Convex Optimization
Key Points
- •Convex optimization studies minimizing convex functions over convex sets, where every local minimum is guaranteed to be a global minimum.
- •Convexity can be checked by geometry (epigraph is convex) or calculus (Hessian is positive semidefinite).
- •Common convex models in ML include LASSO, logistic regression, support vector machines, and many quadratic or linear programs.
- •Convexity is preserved under positive weighted sums, composition with affine maps, and pointwise maxima.
- •First-order methods (gradient, subgradient, proximal/ISTA) scale well to large problems by using only gradients and simple projections.

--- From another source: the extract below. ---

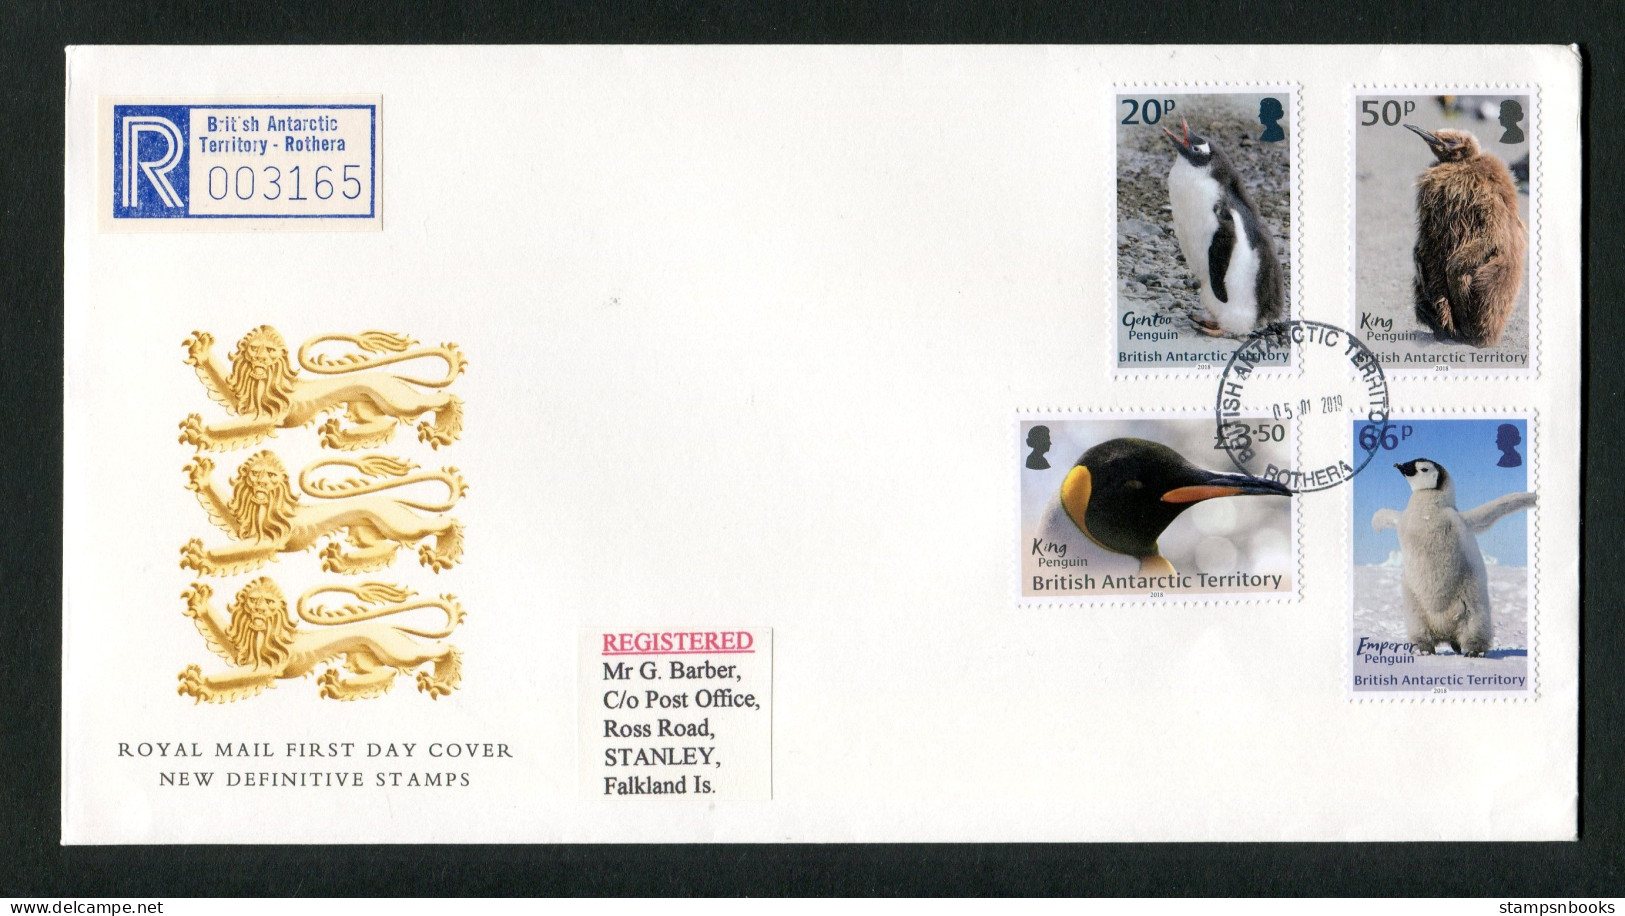 2019 B.A.T. Registered Rothera Penguins First Day Cover. British Antarctic Territory FDC - FDC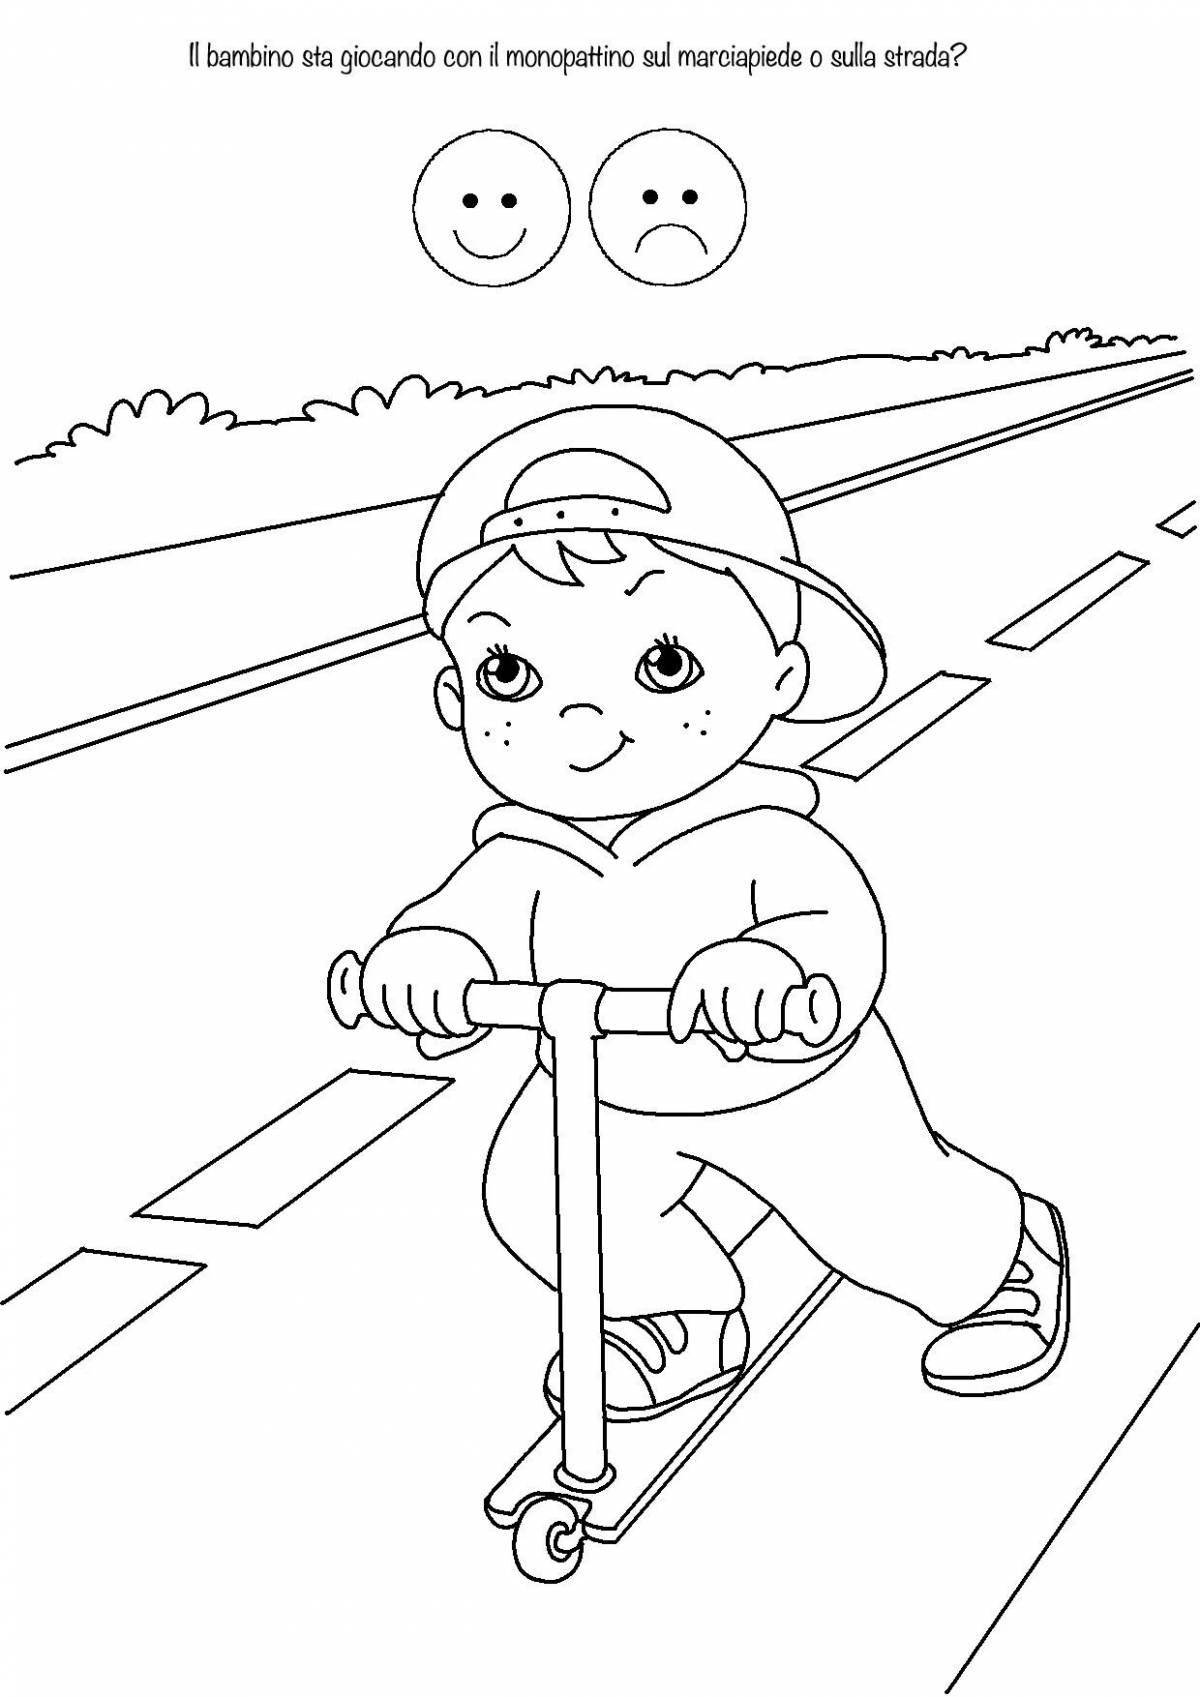 Attractive railroad safety coloring page

- •Second-order methods (Newton, quasi-Newton) converge faster but require solving linear systems per iteration.
- •Interior-point and barrier methods solve general cones/LP/QP to high accuracy in a small number of iterations.
- •C++ implementations require careful linear algebra (vectors, matrix–vector multiplies, line search) and attention to numerical stability.
Prerequisites
- →Linear algebra (vectors, matrices, norms, eigenvalues) — Convexity tests, gradients/Hessians, and algorithms rely on matrix calculus and spectral properties.
- →Calculus and multivariable optimization — Gradients, Hessians, Taylor expansions, and optimality conditions are central to algorithm design.
- →Probability and statistics — ML losses (logistic, least squares) and regularization have probabilistic interpretations used in modeling.
- →Numerical methods and stability — Line search, conditioning, and linear system solvers affect convergence and robustness of implementations.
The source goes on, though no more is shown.